Just remembering the way I felt when my car swerved like that is giving me a serious case of goosebumps. How the hell would I have even explained flipping my car over or swerving into a pole to Gran, and on a day like this, no less? The fact that I almost crashed my car on my way to a memorial is ironic to say the least, and only makes me think of how fickle life can be.

I grumble as I set the stack of paper plates on the dining table right next to the pile of gorgeous porcelain china ones that Gran stubbornly insists on having out for the guests. I think it's completely unnecessary, and will ultimately be a pain in both our asses, but all she keeps saying is special occasions call for special silverware.

In her defense, and even though I don't want to admit it, I guess she is right. Even though I personally don't think the guests deserve to eat off her valuable china—especially since the set had been one of her prize wedding gifts all those decades ago—but at the end of the day, it's her china, her house, and the memory of her husband we're celebrating. She has the final say, so I try to keep my reservations to myself and go along with it.

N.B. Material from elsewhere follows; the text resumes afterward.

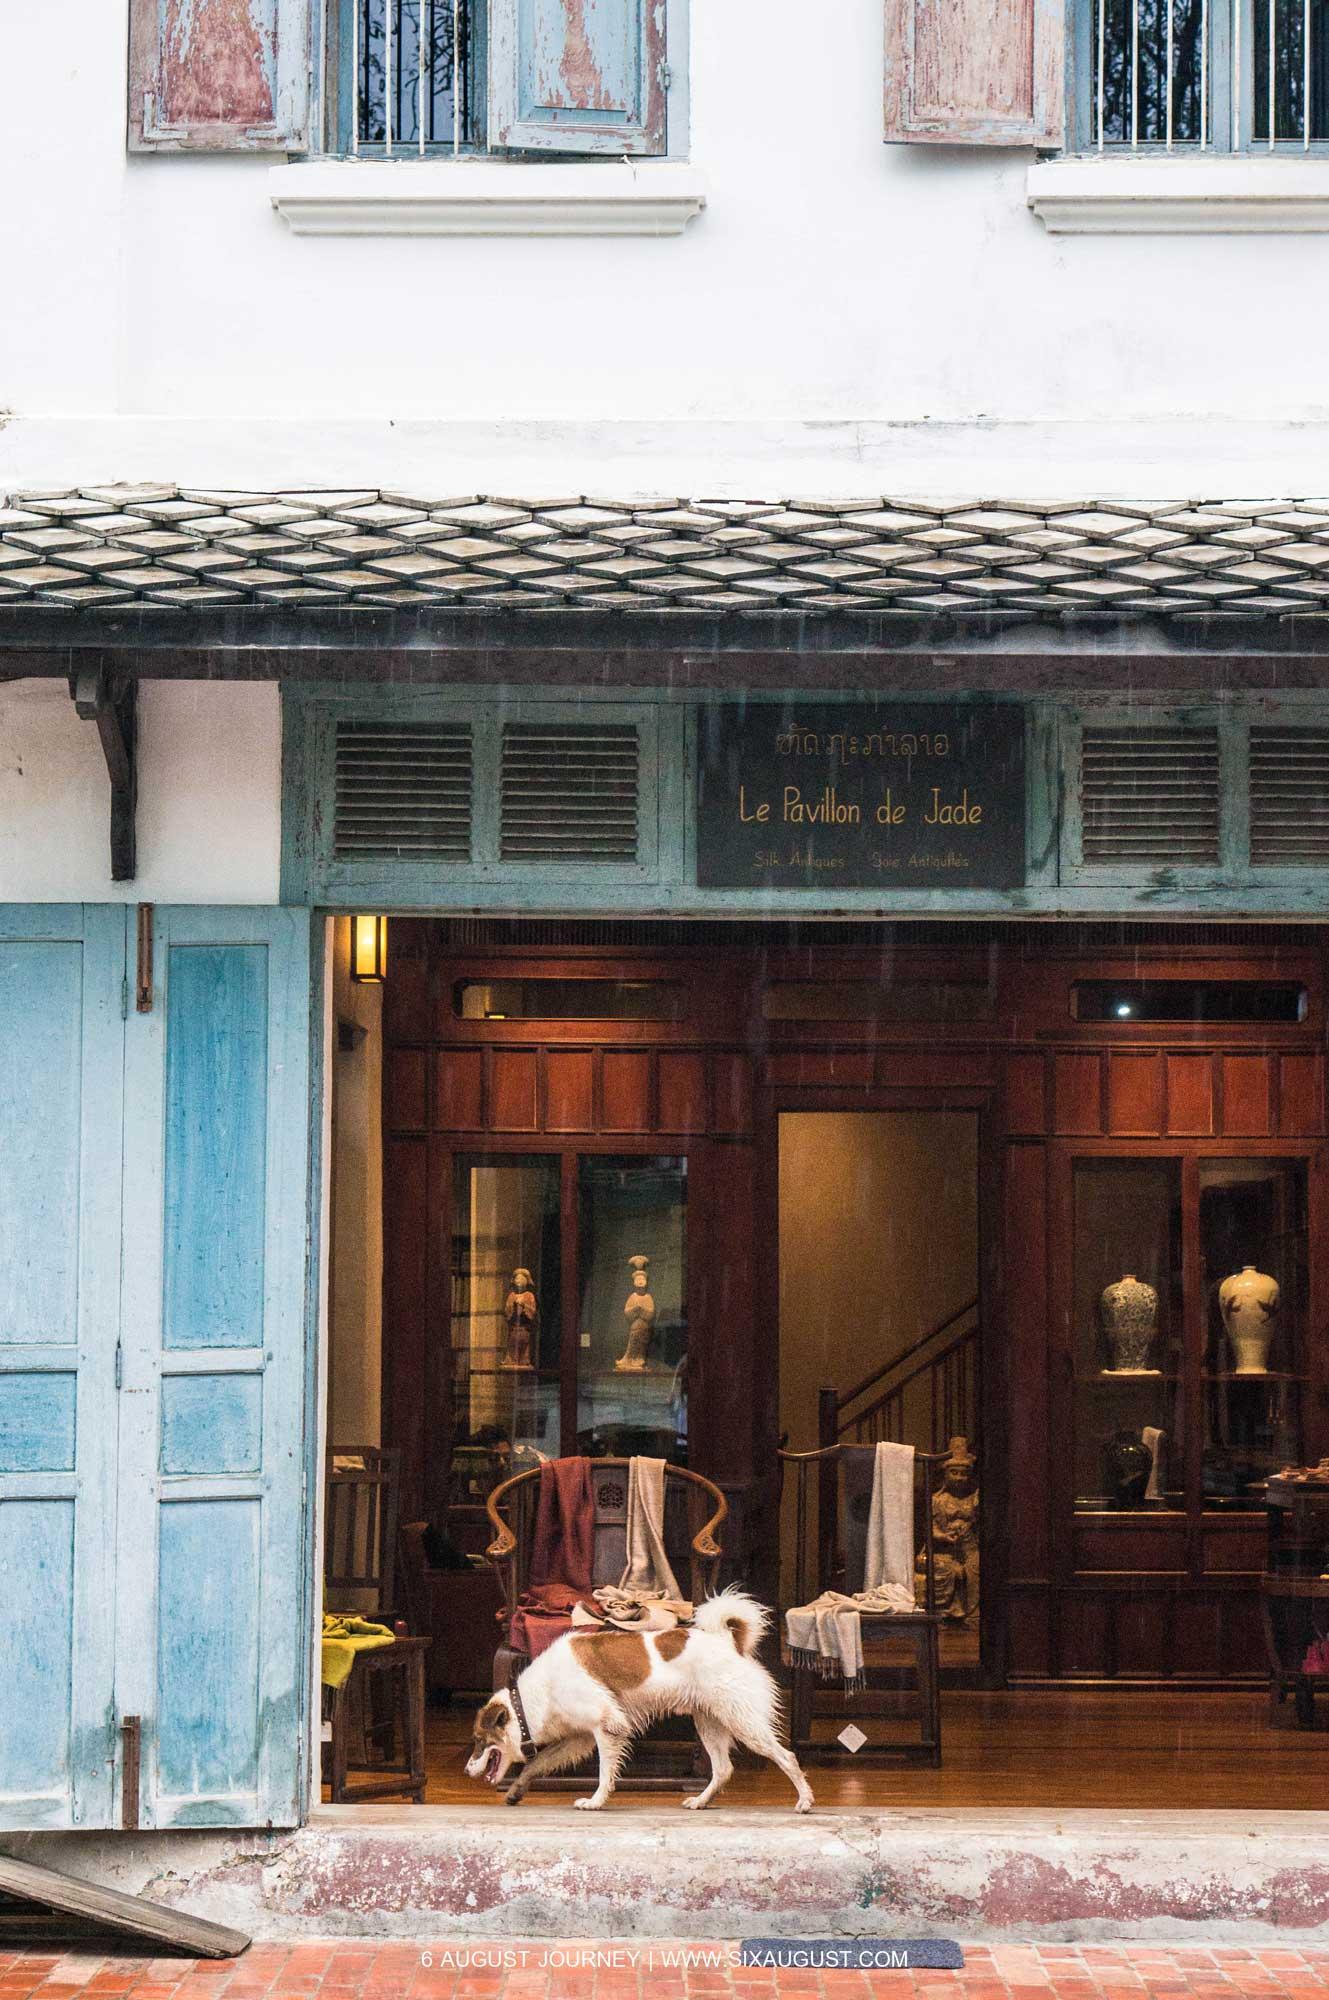 ประตูสีฟ้า หลวงพระบาง ที่เที่ยว

I look over the table and sigh at just how much food and silverware is all over it. I try not to think about how annoying it's going to be to clean all of this up after hours and hours of forced conversation with our "guests" preceded by even more hours at the memorial service in the church.

I also try not to think about what it will be like when Danny and I see each other. I completely know what to expect from Jennifer so I'm sure there won't be any surprises there. I still find it interesting that even though they're both my half-siblings, I've never even for a moment thought of Jennifer as my sister. I can't see myself calling or even thinking of her as 'Jen' the way everyone else does. Danny and I, on the other hand, had been close at one point in time, or at least I thought we had, but that's obviously changed—drastically, might I add—and now my relationship with him is just like it is with his older sister; non-existent.

"The original Gallos," they call themselves. Well, Jennifer does, anyway. I know she does it to spite me and my mother for "stealing" their father from them, never mind that he was my father, too.

Danny's never explicitly said the phrase himself, at least not to my face, but he's never exactly disagreed with her on the matter, either. Heck, I'm not sure he's ever disagreed with her on anything—especially anything concerning the "second-hand Gallos".

Whatever the case is between us, I just hope we can all be civil, if only for today. I really don't want any drama whatsoever, especially not now that I'm contending with this thing going on with my stomach and the financial issues it's posing. I have more than enough to worry about as it is. I definitely don't need any more problems added into the mix.

***

I glance at my watch and it stares back at me, telling me it's exactly 11:00AM—and also time for the memorial service to start. From the corner of my eye, I see a couple who I'm pretty sure are the last two people coming for the service trickling through the main entrance of the church just as the pastor motions for us to rise. They both nod at Gran and I in acknowledgment as they walk by us, offering a pair of sympathetic smiles just before taking their seats.